Response: Thank you for raising this point. We would like to direct the reviewer to Section 5 (Conclusion) of the revised manuscript, where we have explicitly discussed the main limitations of our proposed method as well as the directions for future research. We believe that an honest acknowledgment of current limitations and a clear outline of future work are essential components of a rigorous scientific contribution, and we have addressed both aspects in that section.

We hope this clarification is satisfactory, and we encourage the reviewer to refer to Section 5 for the full details. For specific revisions, please refer to lines 987 to 1000 of the revised manuscript.

Comment 15: Please check that the references are in the specified format.

Response: Thank you for this reminder.
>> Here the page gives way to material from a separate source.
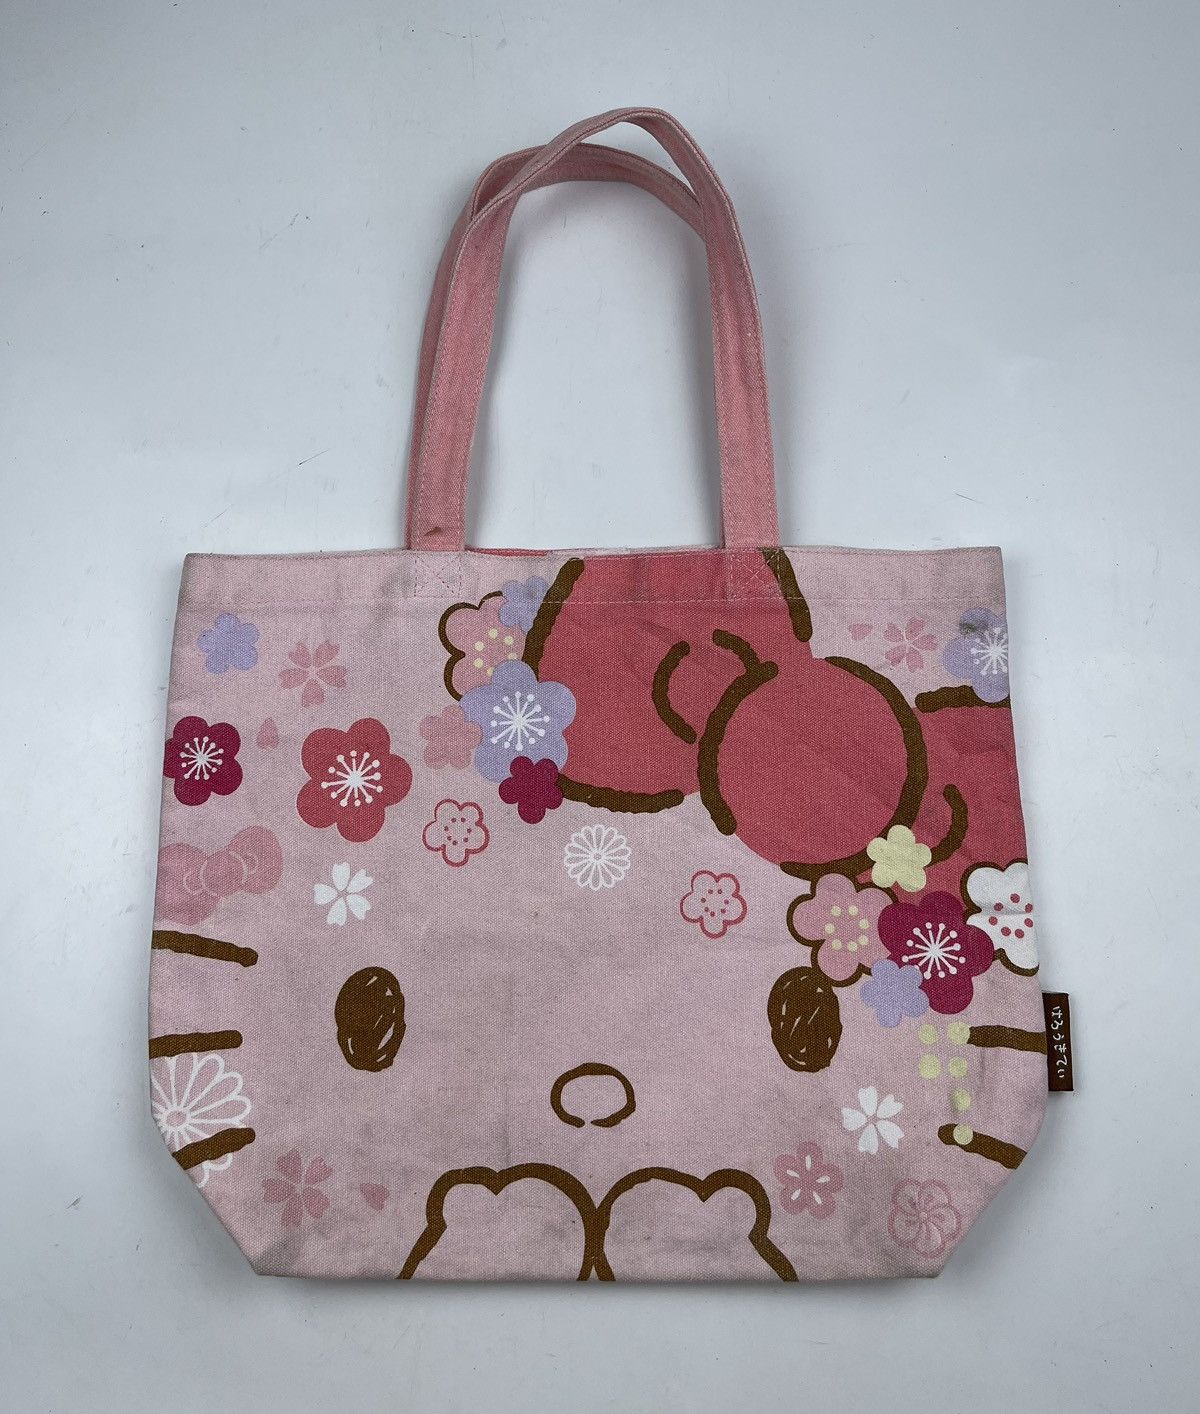 Japanese Brand - hello kitty tote bag tc24 - 1

We have carefully reviewed all references in the manuscript. During this process, we identified that a considerable number of citations were previously listed in arXiv preprint format. We have updated all such references to reflect their final published versions, including the correct journal/conference names, volume numbers, page numbers, and publication years, in accordance with the required citation format.

We hope the reference list now meets the formatting requirements of the journal.

Round 2

Reviewer 1 Report

Comments and Suggestions for Authors

The revised manuscript shows a clear and substantial improvement compared to the previous version. The authors have addressed most of the reviewer’s comments in a constructive manner, and several important aspects of the paper have been significantly strengthened.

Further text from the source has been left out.